With the current ever-increasing data storage requirements and challenges faced by legacy RAID-based systems, Ceph is well placed to offer an answer to these problems. As the world moves forward adopting new cloud technologies and object-based storage, Ceph is ready and waiting to be the driving force as part of the new era of storage technologies.
In this book, we will cover a wide variety of topics, from installing and managing a Ceph cluster to how to recover from disasters, should you ever find yourself in that situation. For those that have interest in getting their applications to talk directly to Ceph, this book will also show you how to develop applications that make use of Ceph's libraries and even how to perform distributed computing by inserting your own code into Ceph. By the end of this book, you will be well on your way to mastering Ceph.
Chapter 1, Planning for Ceph, covers the basics of how Ceph works, its basic architecture, and what some good use cases are. It also discusses the steps that one should take to plan before implementing Ceph, including design goals, proof of concept, and infrastructure design.
Chapter 2, Deploying Ceph, is a no-nonsense step-by-step instructional chapter on how to set up a Ceph cluster. This chapter covers the ceph-deploy tool for testing and goes onto covering Ansible. A section on change management is also included, and it explains how this is essential for the stability of large Ceph clusters. This chapter also serves the purpose of providing you with a common platform you can use for examples later in the book.

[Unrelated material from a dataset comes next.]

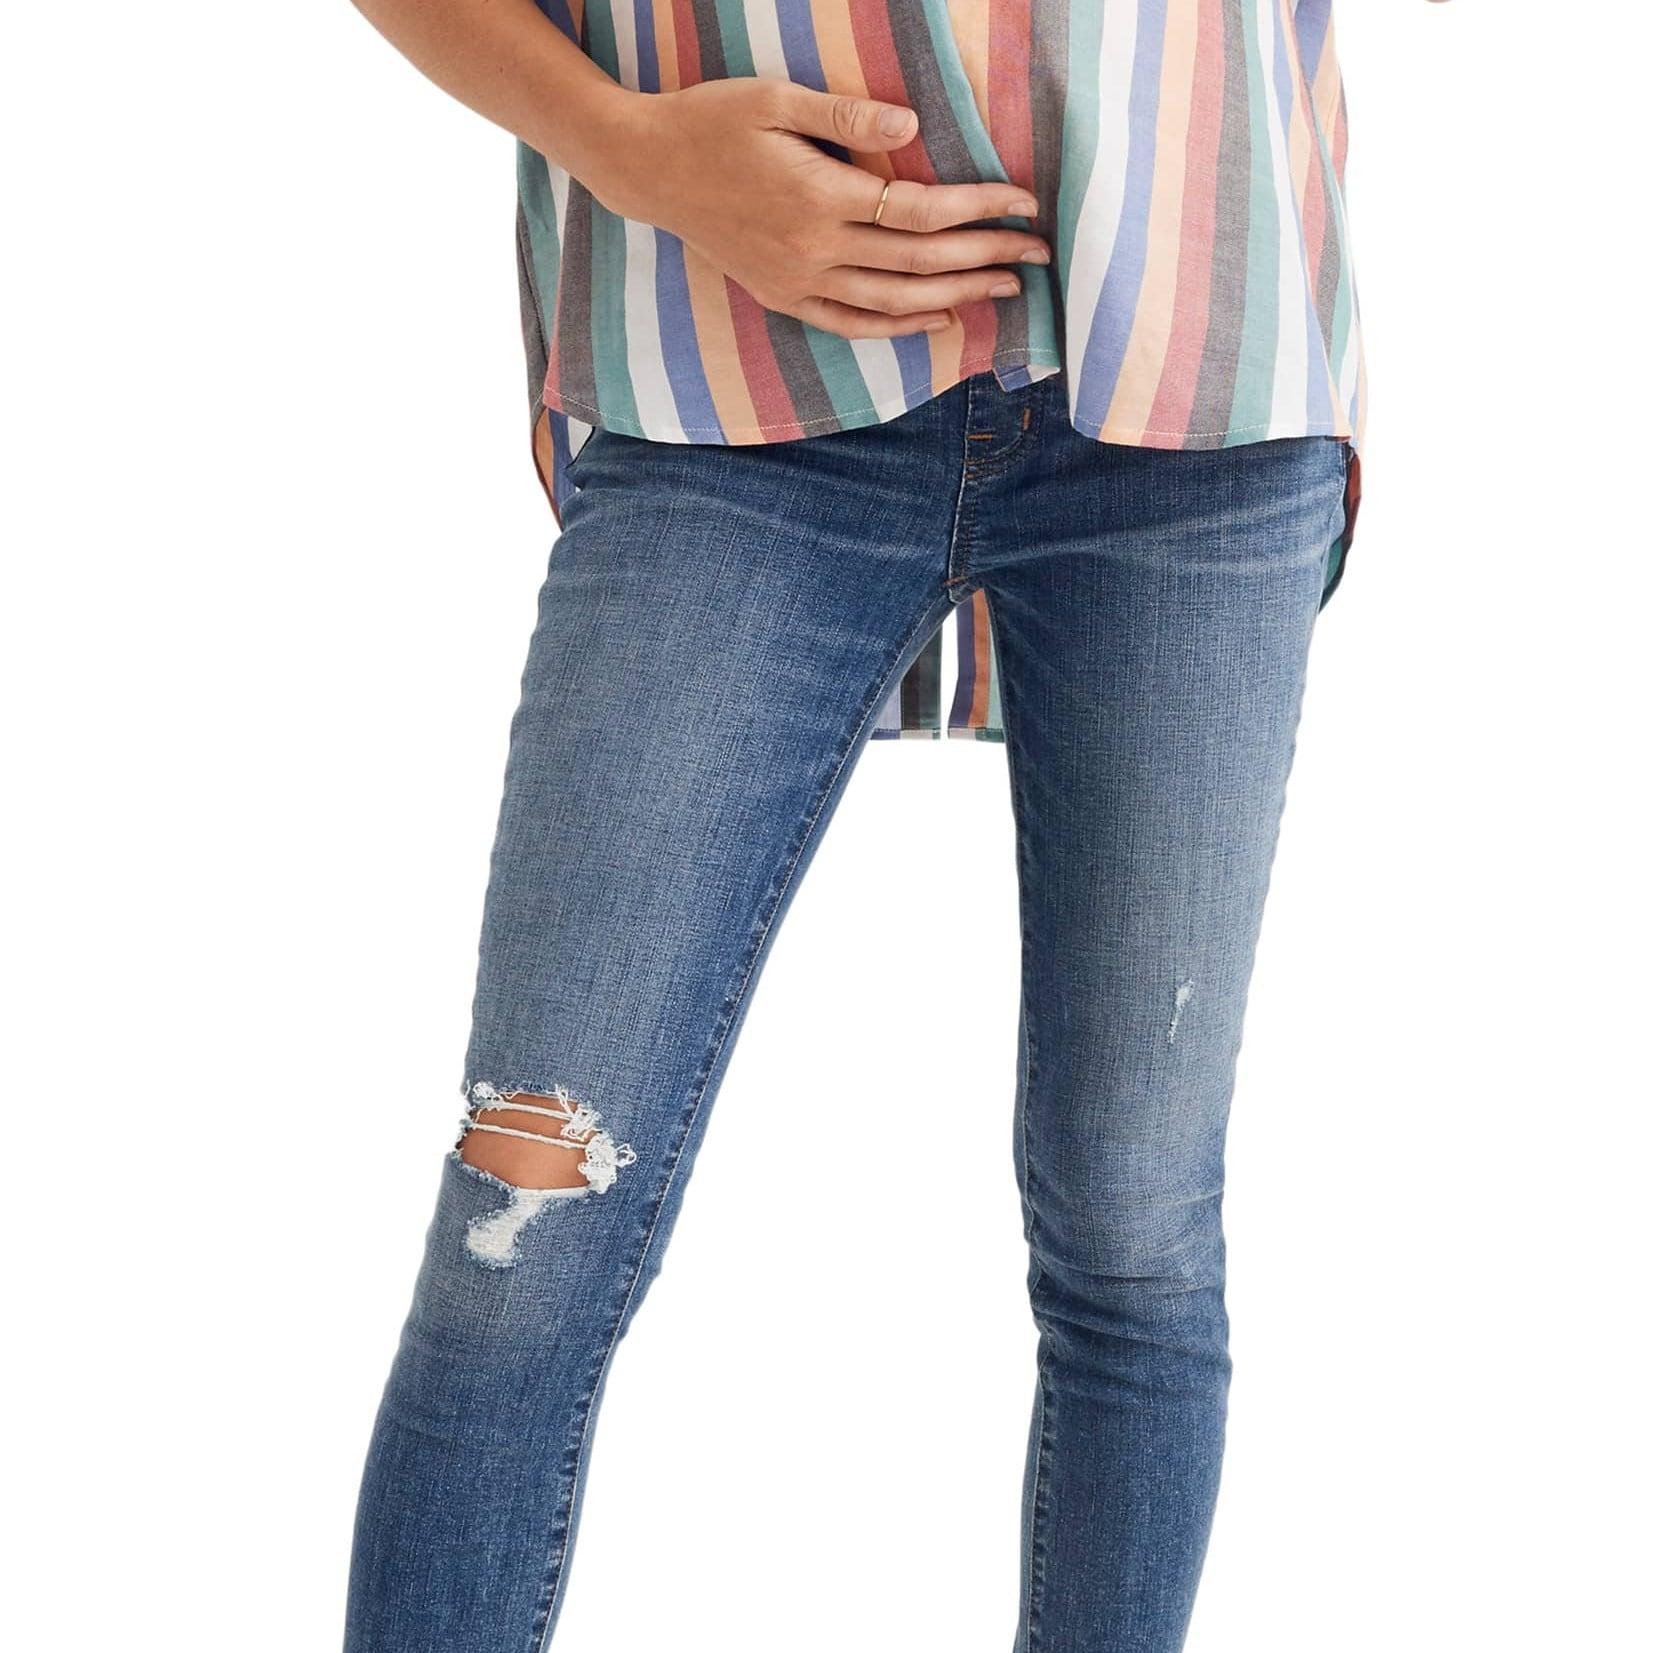 8e199f5b5b0 Best Maternity Jeans 2019
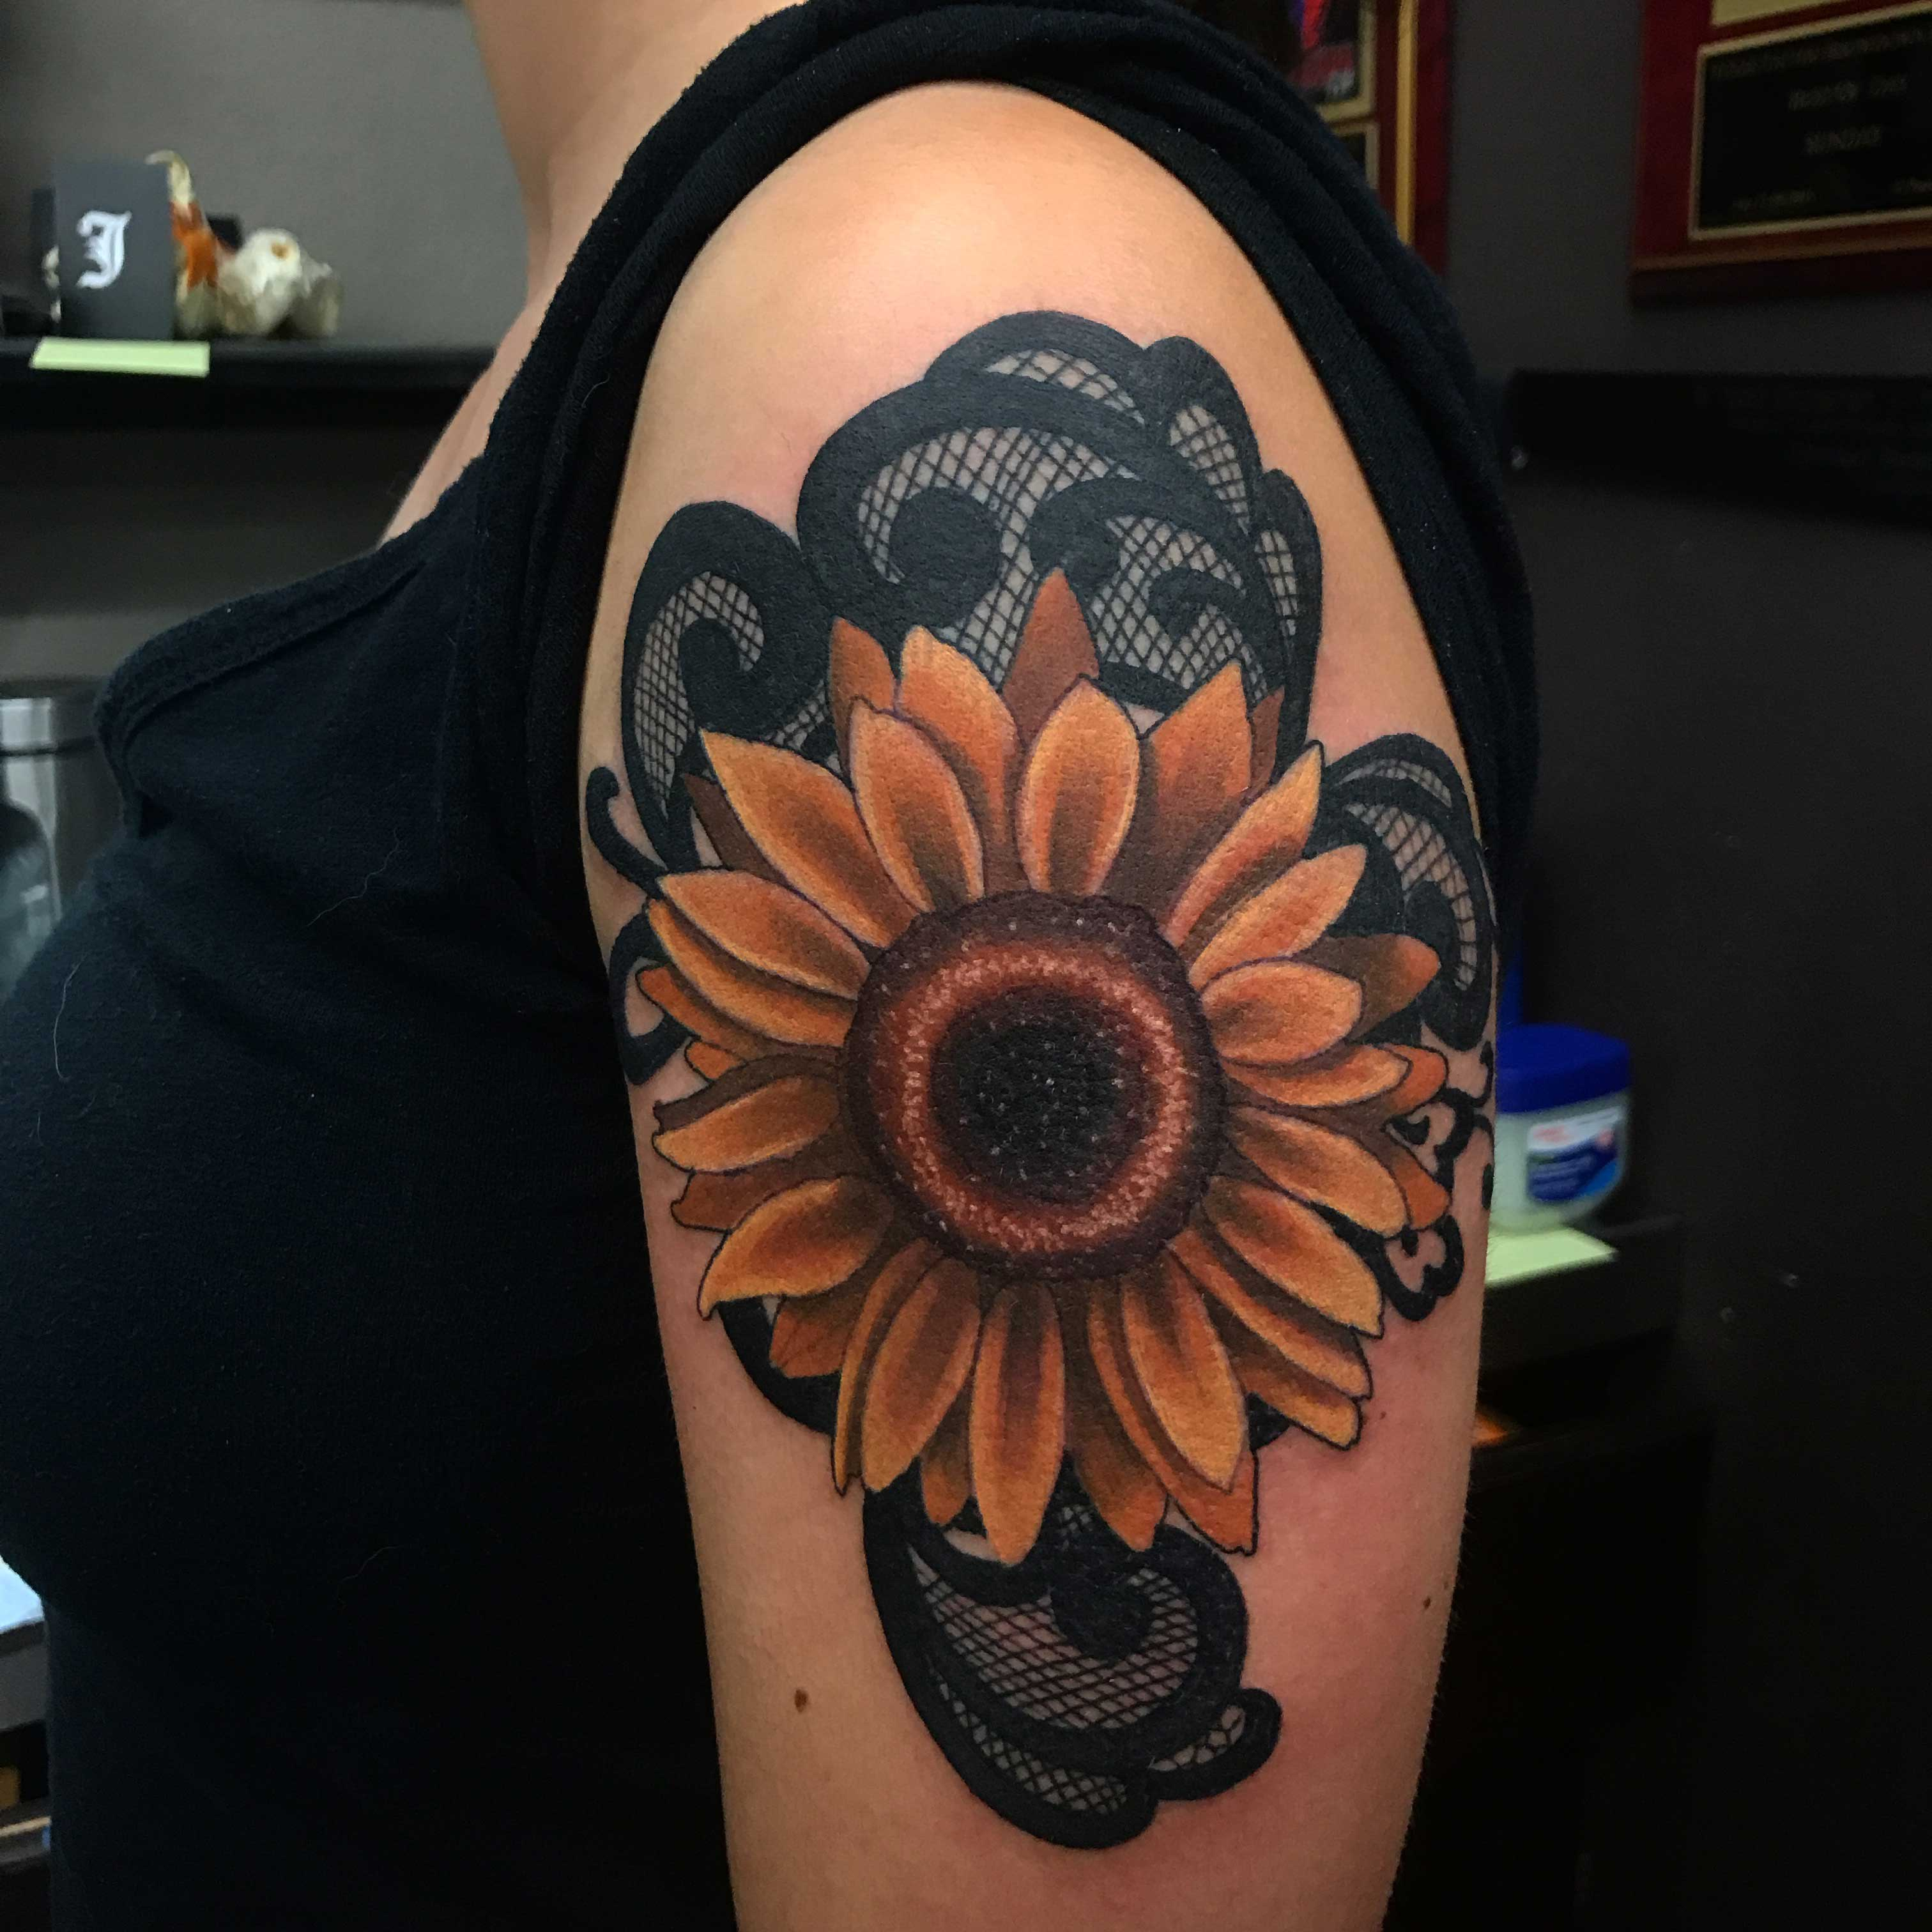 Sunflower+by+tattoo+artist+Brian+Stephens.+

Chapter 3, BlueStore, explains that Ceph has to be able to provide atomic operations around data and metadata and how filestore was built to provide these guarantees on top of standard filesystems. We will also cover the problems around this approach. The chapter then introduces BlueStore and explains how it works and the problems that it solves. This will include the components and how they interact with different types of storage devices. We will also have an overview of key-value stores, including RocksDB, which is used by BlueStore. Some of the BlueStore settings and how they interact with different hardware configurations will be discussed.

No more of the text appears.